Ooooo well i dont have the tools for fiber


----------



## mpcxl (Dec 9, 2015)

scameron81 said:


> This is why we never ever terminate RJ-45’s onto cable. Just too many issues. We always terminate on female jacks and then run short jumpers. The factory jumpers are just so much more superior and forgiving with the stranded wire.


But there is still room for error punching down females


----------



## mpcxl (Dec 9, 2015)

Majewski said:


> I love lamp


Do you really love lamp ? Or are you just saying that ?


----------



## Majewski (Jan 8, 2016)

mpcxl said:


> Do you really love lamp ? Or are you just saying that ?


I….. i…. Love lamp.


----------



## joe-nwt (Mar 28, 2019)

emtnut said:


> Never have seen a problem on 10Gb switches with good ol' regular Cat 5.
> That was at traffic, and we had over 300 Camera feeds, 1/2 of them broadcast quality on fiber (Mpeg-2 for the techie guys here).
> 
> I guess if you're running 1000's of the latest HD cameras in a casino, mebbe it's worth going Cat 6 if they are trunked


I don't even pretend to know what trunked means or even what the real world difference is between the various Cat cables is.

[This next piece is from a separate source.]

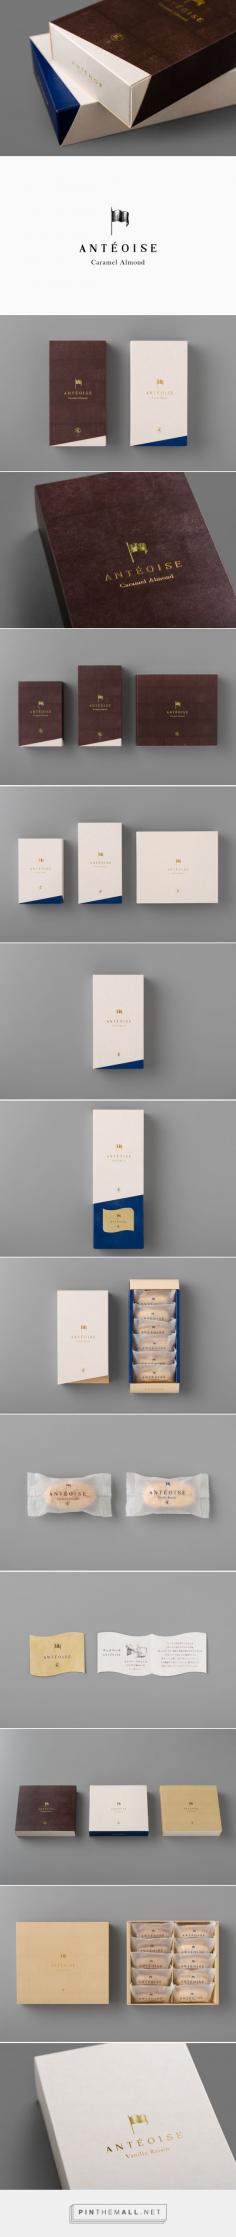 
                    
                        Packaging for Antéoise designed by UMA via BP&O curated by Packaging Diva PD. Antéoise is a creme dacquoise range from Anténor, a Japanese patisserie that creates French style cakes, cookies, tarts and variety of other confectionery.

All I know is copper and insulation can only be configured so many ways. Why didn't they jump straight to cat6 right off the get go and why they have to be spaced out by several years?

I will say the feed thru crystals are the best thing that ever happened for aging eyes.


----------



## mpcxl (Dec 9, 2015)

joe-nwt said:


> I don't even pretend to know what trunked means or even what the real world difference is between the various Cat cables is. All I know is copper and insulation can only be configured so many ways. Why didn't they jump straight to cat6 right off the get go and why they have to be spaced out by several years?
> 
> I will say the feed thru crystals are the best thing that ever happened for aging eyes.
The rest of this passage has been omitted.